Und zu meiner frage: ... und welche WLAN Client kann man für meinen PC ist zu empfehlen ???


----------



## Don-Camilo (5. Oktober 2017)

welchen WLAN Stick könnt Ihr mir für meine FritzBox 7490(OS 6.90) empfehlen:

Dual Band USB WLAN Stick N - 867Mbps WiFi 5GHz + 2.4GHz: Amazon.de: Computer & Zubehor
Dual Band USB WLAN Stick N - 300Mbps WiFi 5GHz + 2.4GHz: Amazon.de: Computer & Zubehor
AVM FRITZ!WLAN Stick AC 430 MU-MIMO: Amazon.de: Computer & Zubehor
AVM FRITZ!WLAN Stick AC 860 5 GHz deutschsprachige: Amazon.de: Computer & Zubehor
CSL - Wireless AC1200 Wlan Stick: Amazon.de: Computer & Zubehor

Vielen Dank für die Hilfe!

LG DC


----------



## Matusalem (6. Oktober 2017)

Spontan würde ich persönlich die Sticks 1, 4, 5 bevorzugen, da diese IEEE802.11ac unterstützen. Jetzt hängt es von der Signalausbreitung in Deiner Wohnung ab ob Du diese zum Vorteil nutzen kannst.
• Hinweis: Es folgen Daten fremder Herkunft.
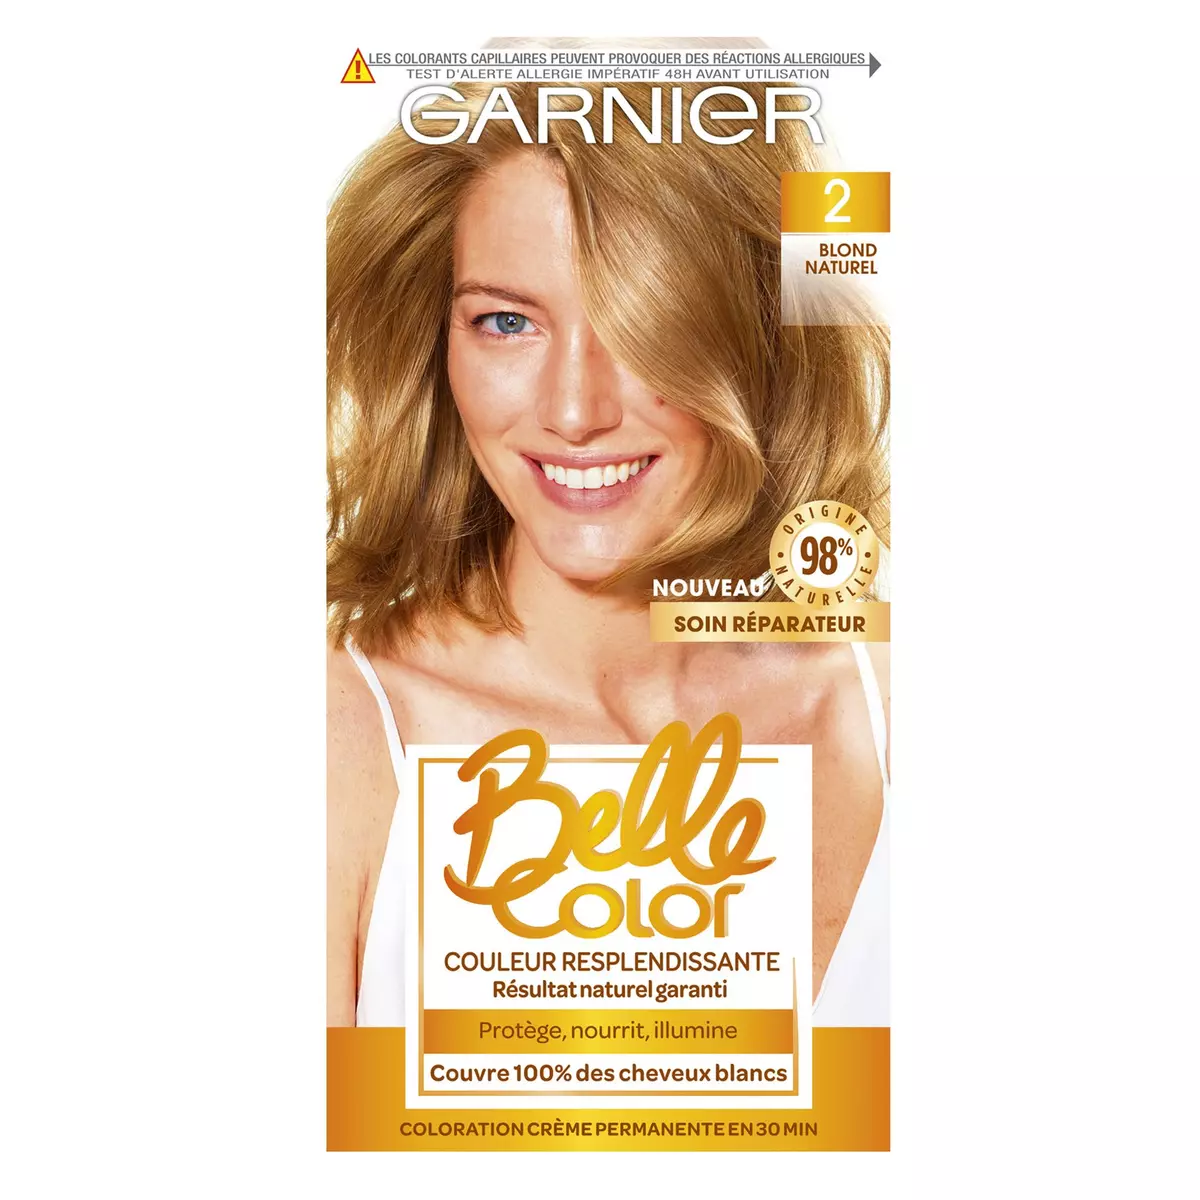 GARNIER Belle color coloration permanente 02 blond 3 produits 1 kit

Ich selbst würde mir allerdings ein Produkt wie dieses kaufen. Da kann ich die Antenne so platzieren, dass ich noch einmal 2-3 dBm gewinne.
USB 3.0 WLAN AC1200 Dual Band Netzwerkadapter | sehr: Amazon.de: Computer & Zubehor


----------



## Don-Camilo (11. Oktober 2017)

... würde die Intel Karte AC 7260 einen geschwindigkeitschub geben, bei dem Stick (kann nur die 5GHz Kanäle 36-48) habe ich jetzt eine Übertragungsrate in meiner FritzBox 7490 (Router ist ca. 15 meter entfernt) von ca. 5 GHz→263 Mbit/s ...
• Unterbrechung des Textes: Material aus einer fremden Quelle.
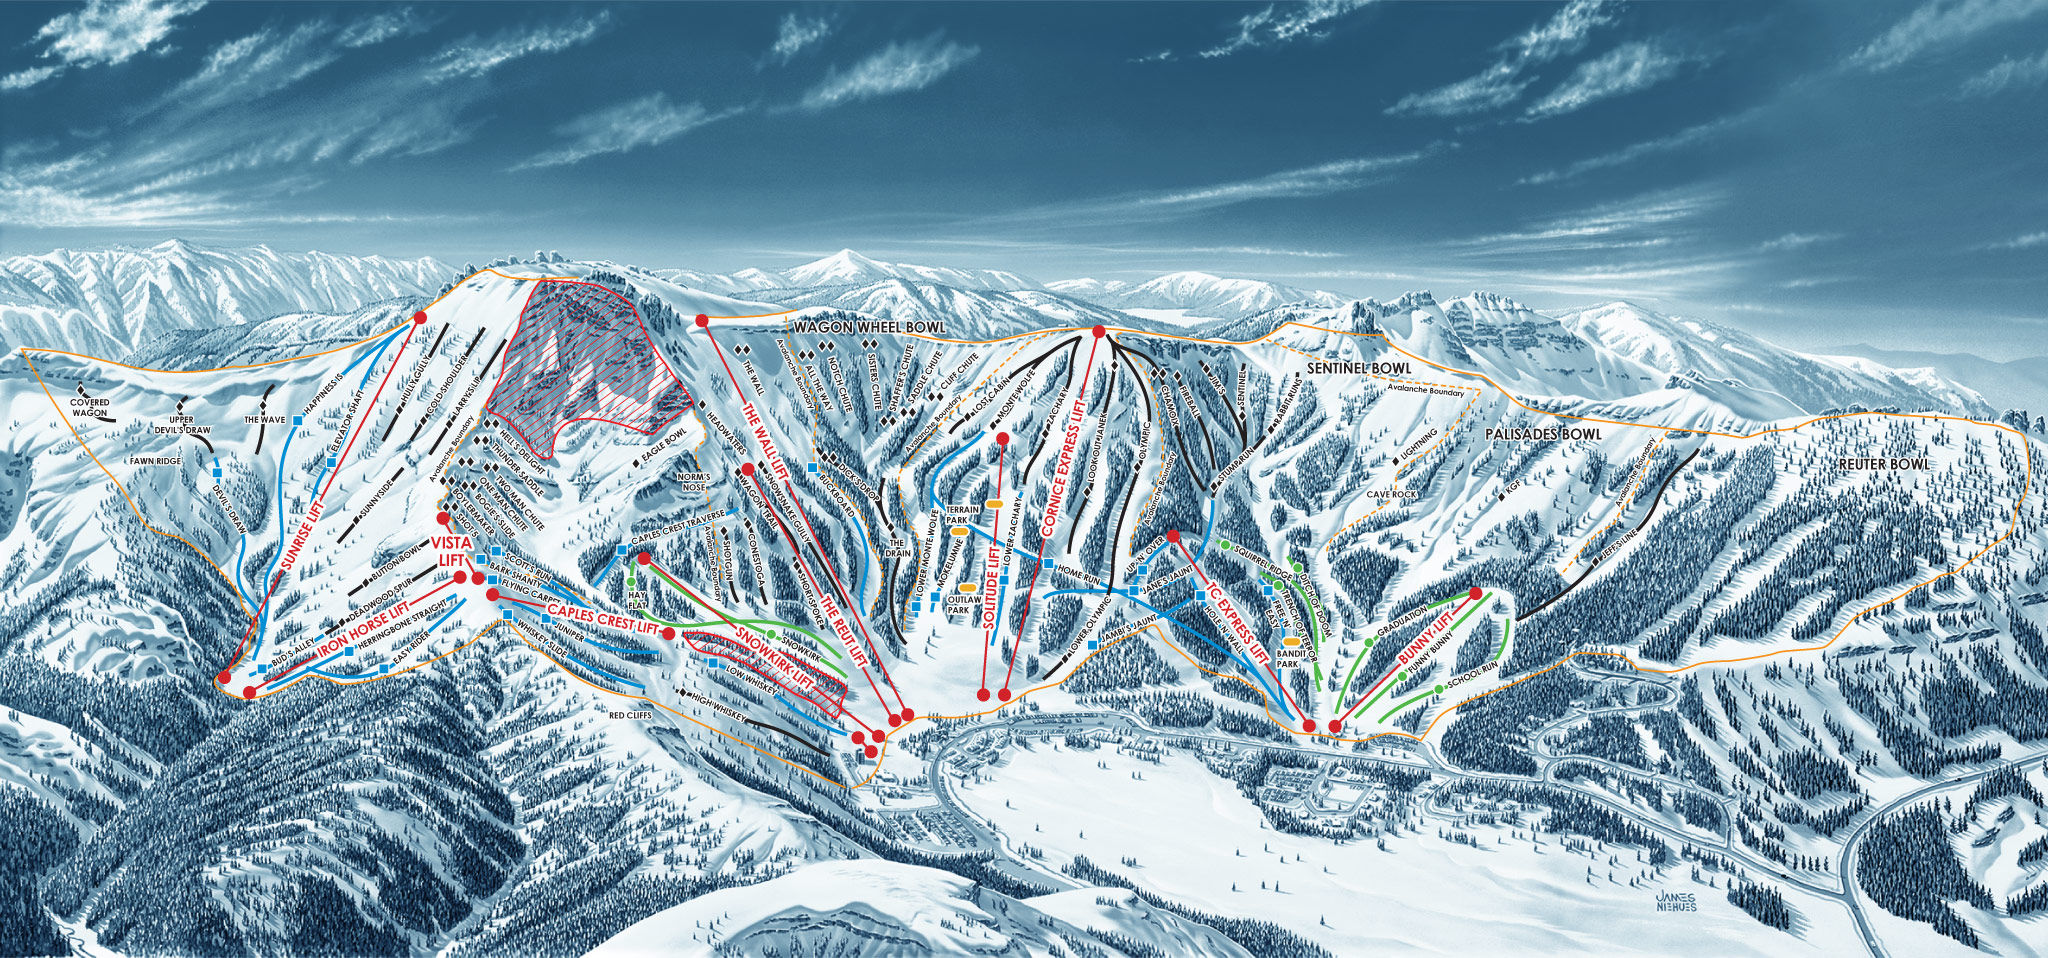 Trail Map Kirkwood Ski Resort | vlr.eng.br

Intel Wireless-AC 7260 + Bluetooth Rev.2 Preisvergleich | Geizhals Deutschland
Gigabyte GC-WB867D-I Rev. 1.0 Preisvergleich | Geizhals Deutschland

... Karte oder USB 3.0 WLAN AC 1200 Adapter ...?

Lieben Gruß ... DC


----------



## ludscha (11. Oktober 2017)

Servus,

ich habe den TP-Link Archer T9E, kostet zwar ein bischen mehr als deine Verlinkten, aber funtzt bei mir seit 2 Jahren fehlerfrei.

TP-Link Archer T9E Preisvergleich | Geizhals Deutschland


Ich hatte  vorher auch ein paar Sticks, aber ständig Verbinungungsabrisse, darum bin ich zur Karte gewechselt und seit dem ist Ruhe.

Mfg
ludscha


----------